She was the author of six full-length collections, the blue pearl, worked on screen, memory's morning, the butterflies and the burnings, correspondence with nobody, and to be continued. She was also known for her poetic sequences that work with notarikon – originally a rabbinic and Kabbalistic method used to interpret the Hebrew Scriptures. She redeployed and elaborated it as a contemporary poetic procedure, engaging with diverse languages and texts, both ancient and modern.[citation needed]

Early life[edit]

The great-granddaughter of Jewish immigrants to Britain at the turn of the 20th century, Anne Blonstein was born and raised in the Home Counties – first Harpenden, Hertfordshire, then moving with her family to Surrey when she was 11.[1] Before leaving Britain in 1983, she spent six years in Cambridge, where she took a degree in Natural Sciences followed by a PhD in genetics and plant breeding.[1]


Blonstein lived in Basel, Switzerland, where she earned a living as a freelance translator and editor.

"[Blonstein's] terse, unusual images are the outcome of an English language that, mated to the other idioms she lives with – German, French, and Hebrew – shapes the transnational world of a language nomad. … In her most recent work, Hebrew … has become the place to which she ties her English and the other languages she uses in her life through graphic/visual and semantic associations. … [F]or Blonstein languages, with their varieties and differences, have become the endangered species of our globalized world." – Marina Camboni, Contemporary Women's Writing, Oxford University Press[2]

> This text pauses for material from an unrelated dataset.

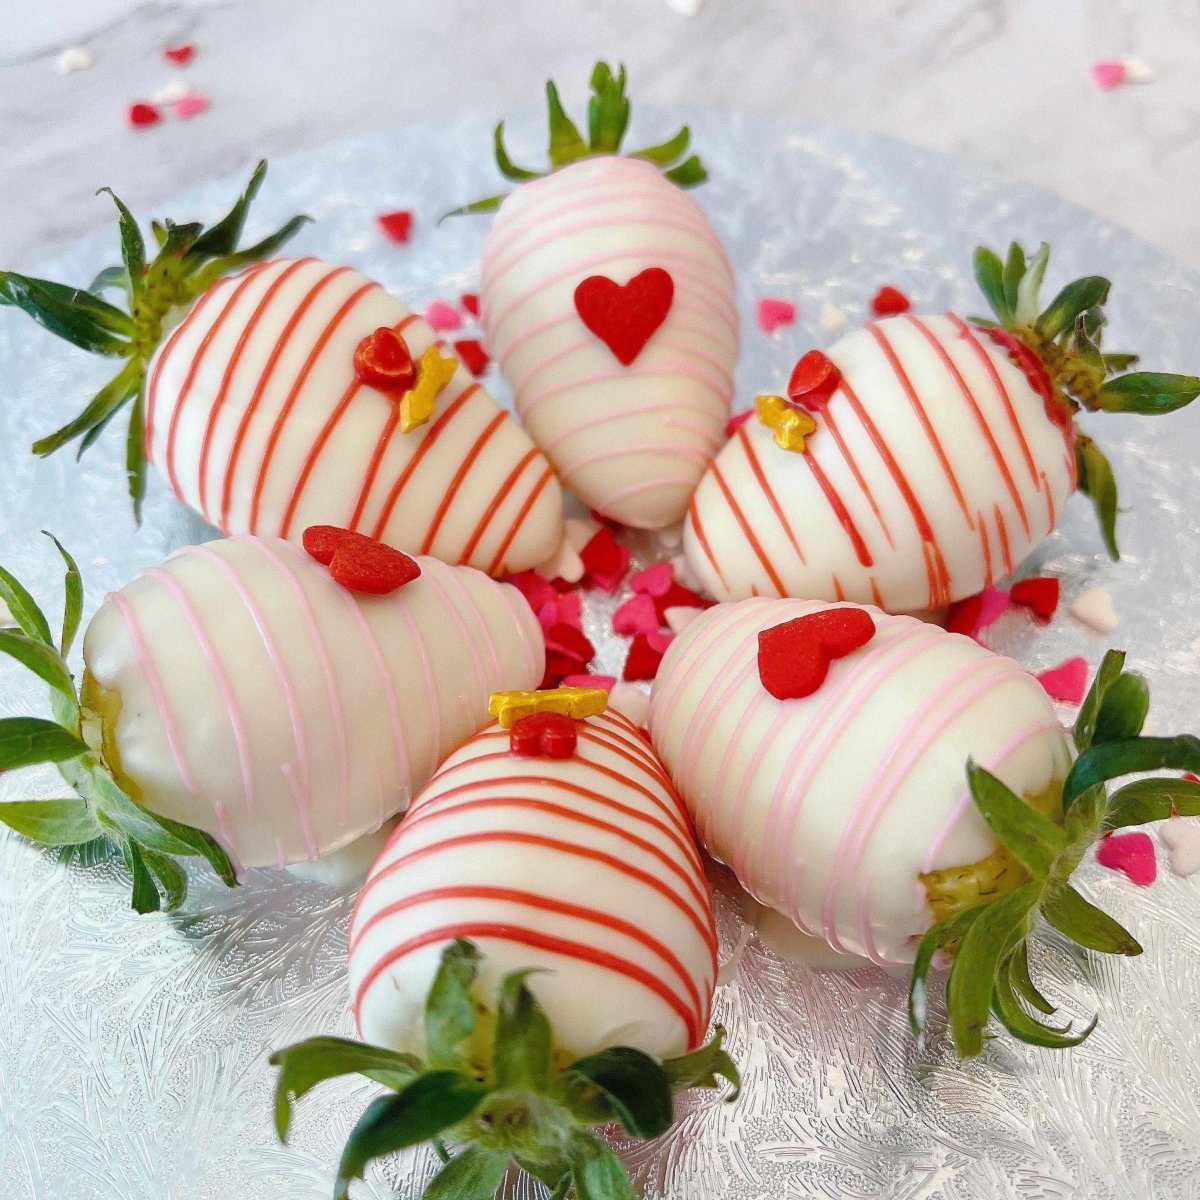 Chocolate Pinata Cake Heart (Smashable Cake Alternative) - Rainbowly Fresh Fruit Gift and Flower Arrangments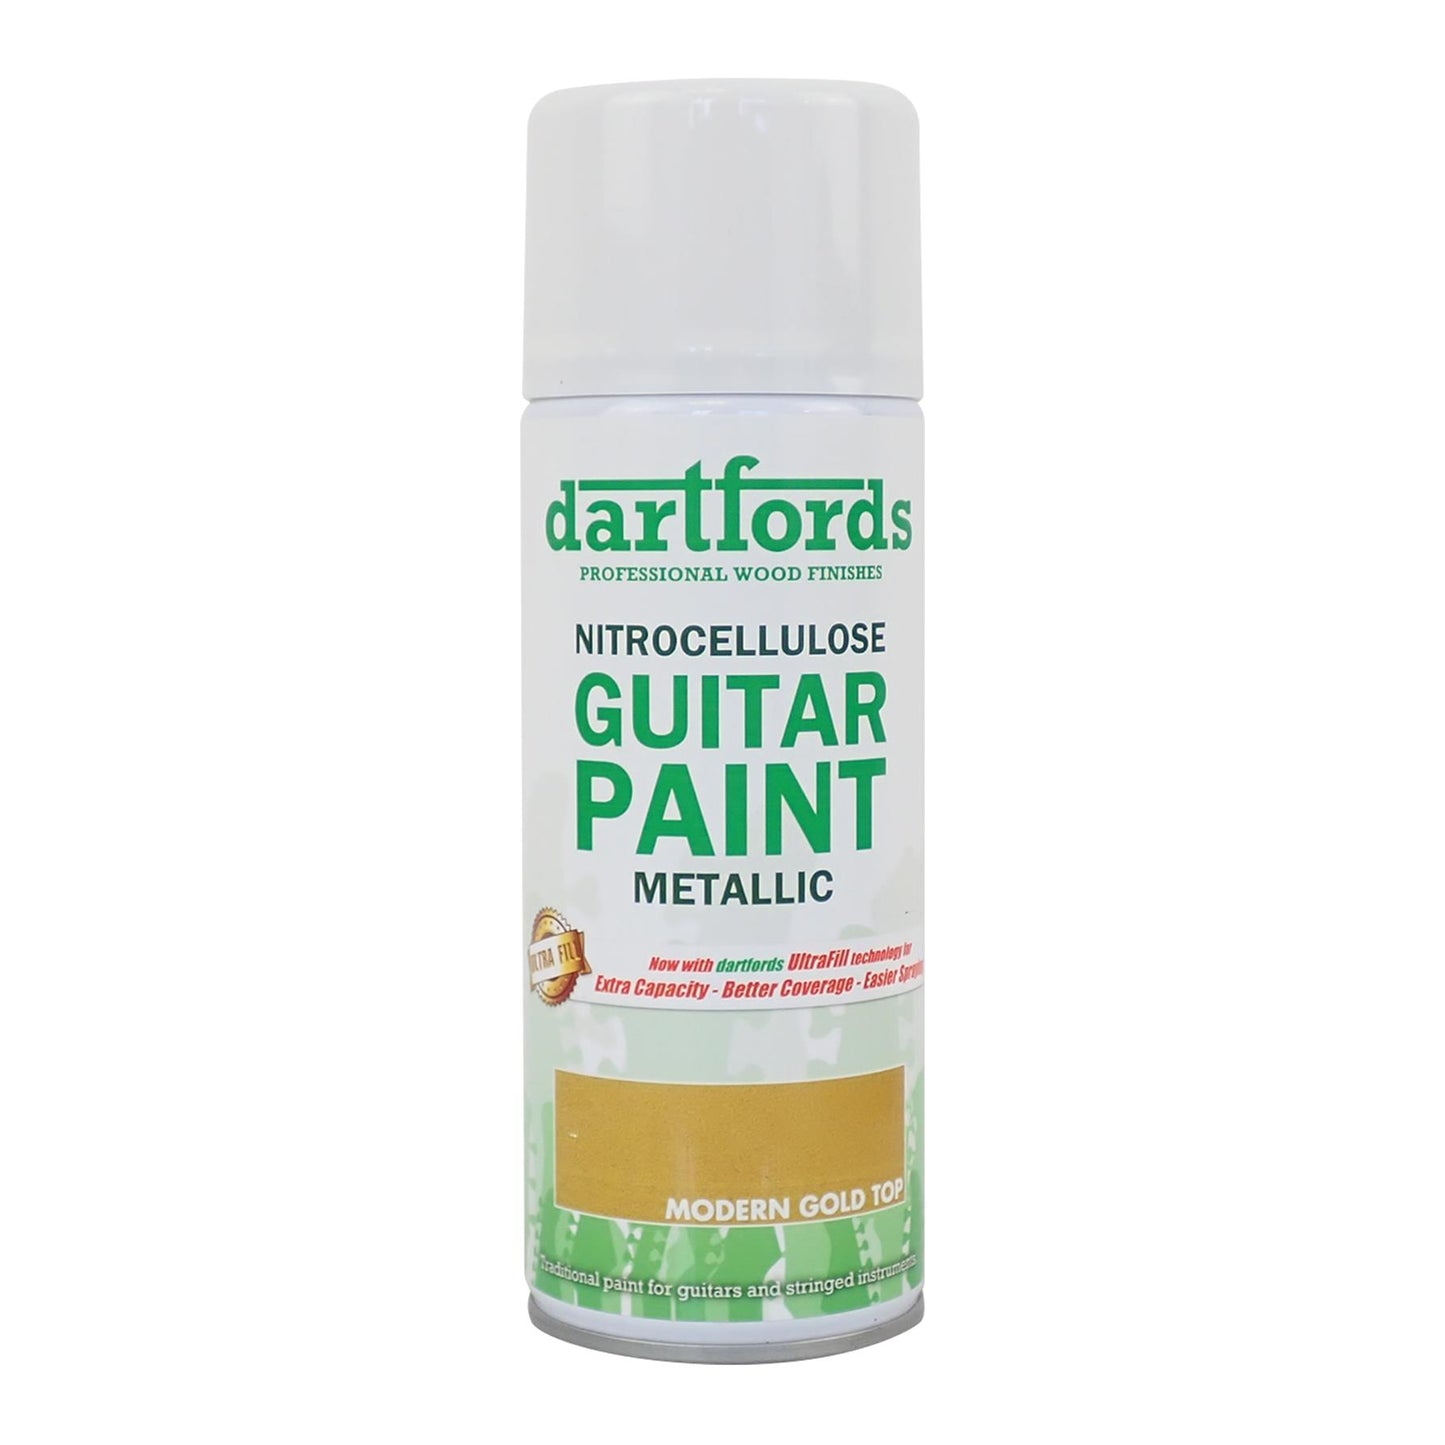 dartfords Modern Gold Top Metallic Nitrocellulose Guitar Paint - 400ml Aerosol

Blonstein also collaborated on projects with other artists, including the ceramist Pat King, and the Swiss composers Mela Meierhans[3] and Margrit Schenker. Her works appeared in Denver Quarterly,[4] Descant,[5] Dusie,[6] How2,[7] Indiana Review and[8] the Notre Dame Review.[9]


Anne Blonstein died in 2011, after a long, undisclosed illness, aged 52.


  • sand.soda.lime, Broken Boulder Press, 2002
  • the blue pearl, Salt Publishing, 2003, ISBN 978-1-876857-65-3
  • worked on screen, Poetry Salzburg, 2005, ISBN 978-3-901993-18-3
  • from eternity to personal pronoun, Gribble Press, 2005
  • that those lips had language, Plan B Press, 2005, ISBN 978-0-9728312-5-3
  • thou shalt not kill, Dusie Wee Chap, 2007
  • hairpin loop: poems, Bright Hill Press, 2007, ISBN 978-1-892471-44-4
  • memory's morning, Shearsman Books, 2008, ISBN 978-1-905700-76-9
  • correspondence with nobody, Ellectrique Press, 2008, ISBN 978-3-033-01685-9
  • the butterflies and the burnings, Dusie Press, 2009, ISBN 978-0-615-18579-8


  1. ^ a b c "Anne Blonstein interviewed by Jack Alun". The Argotist Online. Archived from the original on 5 July 2008. Retrieved 11 August 2008.
  2. ^ Camboni, Marina (December 2007). "Impure lines: multilingualism, hybridity, and cosmopolitanism in contemporary women's poetry". Contemporary Women's Writing. 1 (1–2): 34–44. doi:10.1093/cww/vpm013.
  3. ^ "Mela Meierhans: News, events 2014". atelier oh-r42. Archived from the original on 18 February 2015. Retrieved 10 March 2015.
  4. ^ Blonstein, Anne (Summer 2008). "Contributors". Denver Quarterly. 42 (4).
  5. ^ Blonstein, Anne (Winter 2006). "Poetry: yellow games; lashing mauve". Descant, Bibliomania 2. Descant foundation. 37 (135 no. 4). Archived from the original on 2 April 2015.
  6. ^ Blonstein, Anne. "Poetry: (sweeter version); of exile in amsterdam; 2 Menschen geben einander die Hand". Dusie. Dusie Press (6).
  7. ^ Camboni, Marina (Summer 2007). "Timeturned images: from eternity to personal pronoun by Anne Blonstein (review)". How2 Journal – Cut Out and Keep up: The Make It Happen and Not Make do Issue. Virginia G. Piper Center for Creative Writing, Arizona State University. 3 (1).
  8. ^ Blonstein, Anne (Winter 2005). "Contributors". Indiana Review. Indiana University Bloomington. 27 (2).
  9. ^ Blonstein, Anne (Summer 2005). "Poem: Chorus Without". Notre Dame Review. University of Notre Dame. 20.

External links[edit]

Poetry links[edit]

Critiques, reviews and interviews[edit]

Anne Blonstein memorial – 19 November 2011[edit]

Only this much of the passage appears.